First optimization, which replaced (CmpI (AndI src mask) zero) with (TestI src mask), gave slight improvement in my test.

Second optimization which converts if (P == Q) { X+Y } to data flow only:

     cmp     RDX, R9 # cadd_cmpEQMask
     seteq   RDX
     movzb   RDX, RDX
     add     RAX, RDX

gave improvement for JmhBranchingBenchmark test even above cmov code (cmov is still generated after 19% - it is separate problem):

PERCENTAGE: MEAN MIN MAX UNIT branchless: 8.511 8.475 8.547 ops/ms 5: 9.756 9.709 9.804 ops/ms 10: 9.709 9.709 9.709 ops/ms 15: 9.756 9.709 9.804 ops/ms 16: 9.709 9.709 9.709 ops/ms 17: 9.756 9.709 9.804 ops/ms 18: 9.756 9.709 9.804 ops/ms 19: 9.133 9.091 9.174 ops/ms 20: 9.133 9.091 9.174 ops/ms 30: 9.133 9.091 9.174 ops/ms 40: 9.133 9.091 9.174 ops/ms 50: 9.133 9.091 9.174 ops/ms

vs branches:

PERCENTAGE: MEAN MIN MAX UNIT branchless: 8.511 8.475 8.547 ops/ms 5: 8.889 8.850 8.929 ops/ms 10: 5.716 5.618 5.814 ops/ms 15: 4.320 4.310 4.329 ops/ms 16: 4.175 4.167 4.184 ops/ms 17: 3.929 3.922 3.937 ops/ms 18: 9.133 9.091 9.174 ops/ms 19: 9.133 9.091 9.174 ops/ms 20: 9.133 9.091 9.174 ops/ms 30: 9.133 9.091 9.174 ops/ms 40: 9.133 9.091 9.174 ops/ms 50: 9.133 9.091 9.174 ops/ms

Unfortunately for my test it gave regression but smaller then when using cmov:

testi time: 687 vs base testi time: 402 vs cmov testi time: 785

Vladimir

On 2/13/14 1:52 PM, Vladimir Kozlov wrote:

On 2/13/14 12:32 AM, Martin Grajcar wrote:

Hi Vladimir,

below I'm mostly talking to myself... you know learning by writing.
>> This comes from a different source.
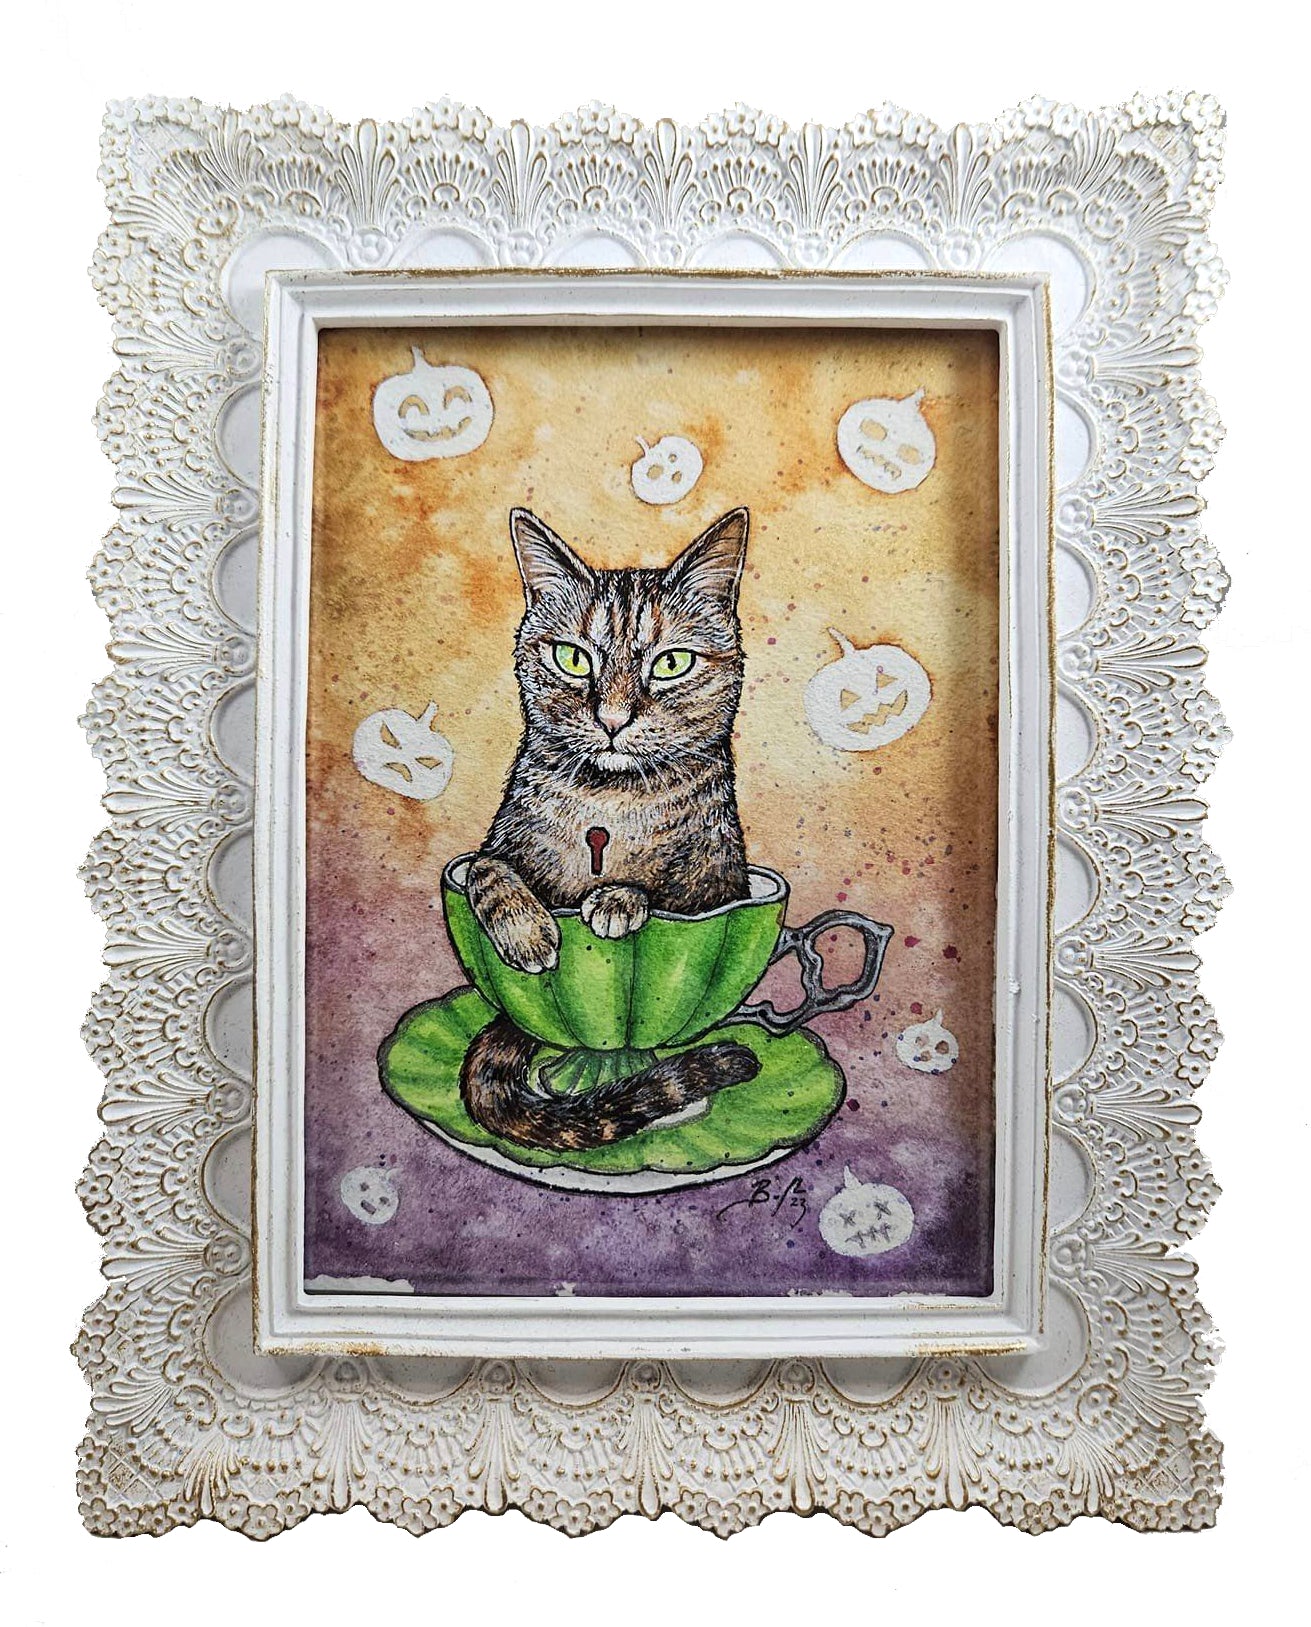 Original Art- Teacup Kitten: Pu'erh with Pumpkins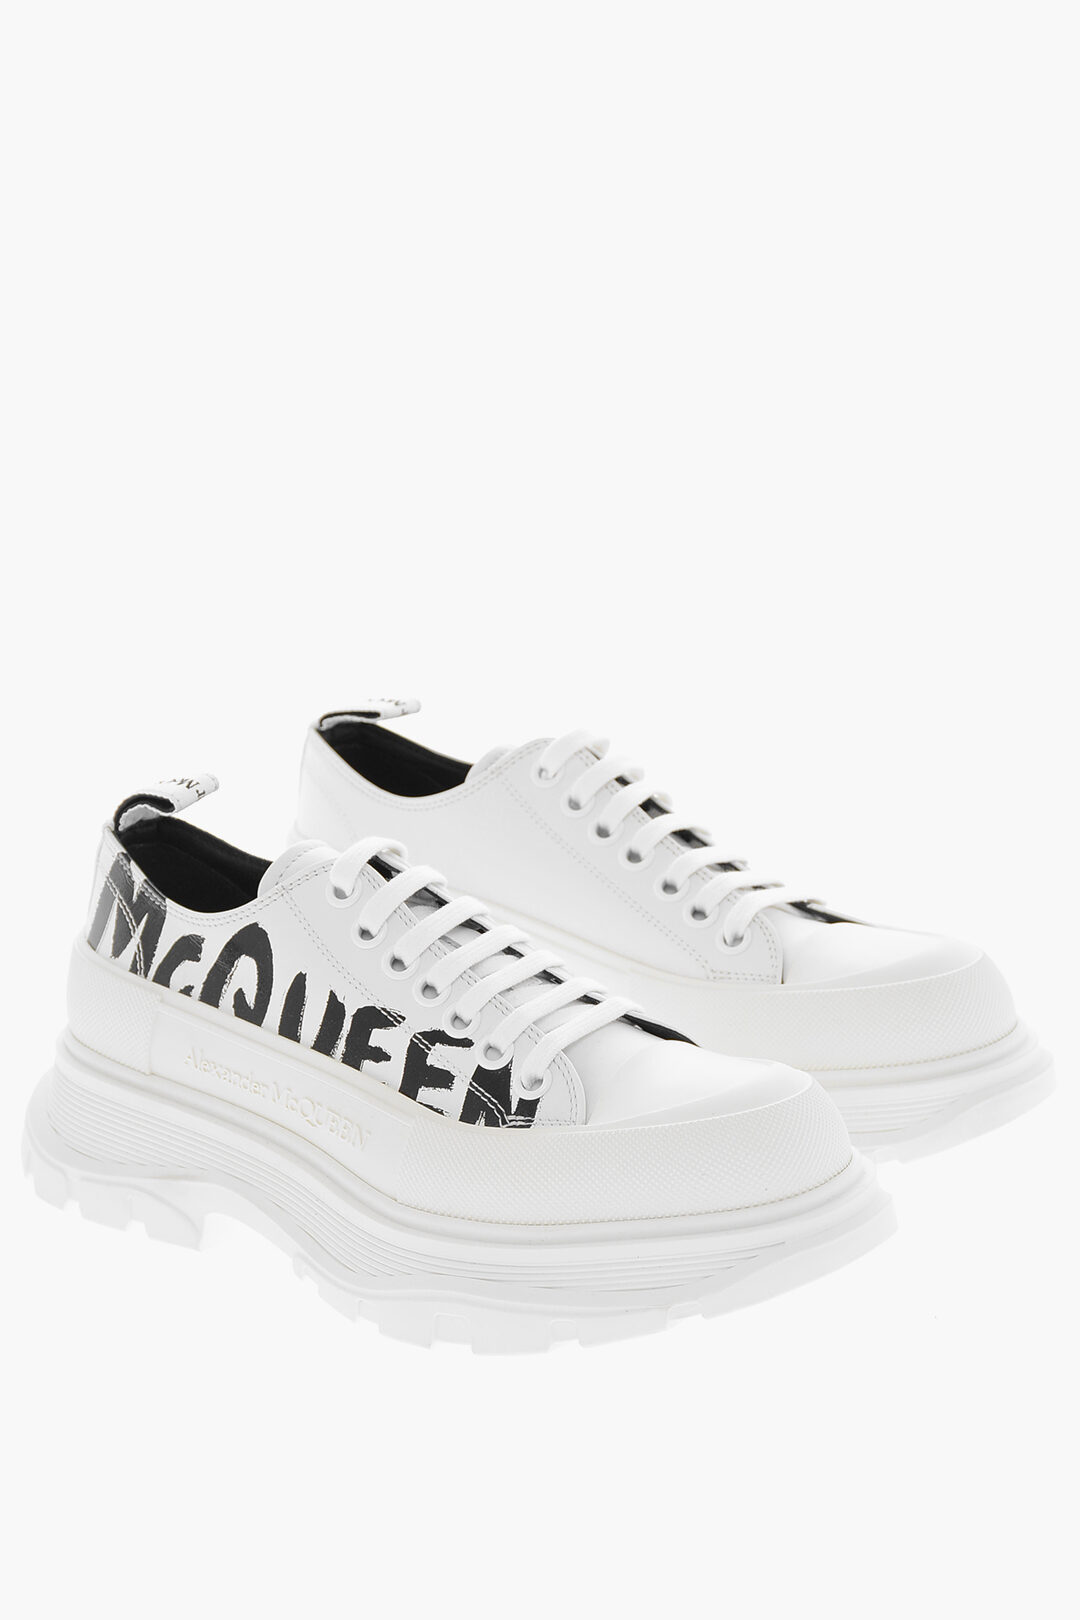 Alexander McQueen Pastel Pink & Black Monogram Joey Sneakers - Footwear  from Brother2Brother UK

It'd be nice if you could find something useful therein. On Thu, Feb 13, 2014 at 1:18 AM, Vladimir Kozlov <vladimir.kozlov at oracle.com <mailto:vladimir.kozlov at oracle.com>> wrote: Hi Martin, The issue is more complicated than I thought. The code I pointed before was added by me about 3 years ago for: 7097546: Optimize use of CMOVE instructions https://bugs.openjdk.java.net/_browse/JDK-7097546 <https://bugs.openjdk.java.net/browse/JDK-7097546> Changes were done to avoid 2x performance hit with cmov for code like next: public static int test(int result, int limit, int mask) { // mask = 15 for (int i = 0; i < limit; i++) { if ((i&mask) == 0) result++; // Non frequent } return result; } Cmov instruction has big flow - it requires an additional register.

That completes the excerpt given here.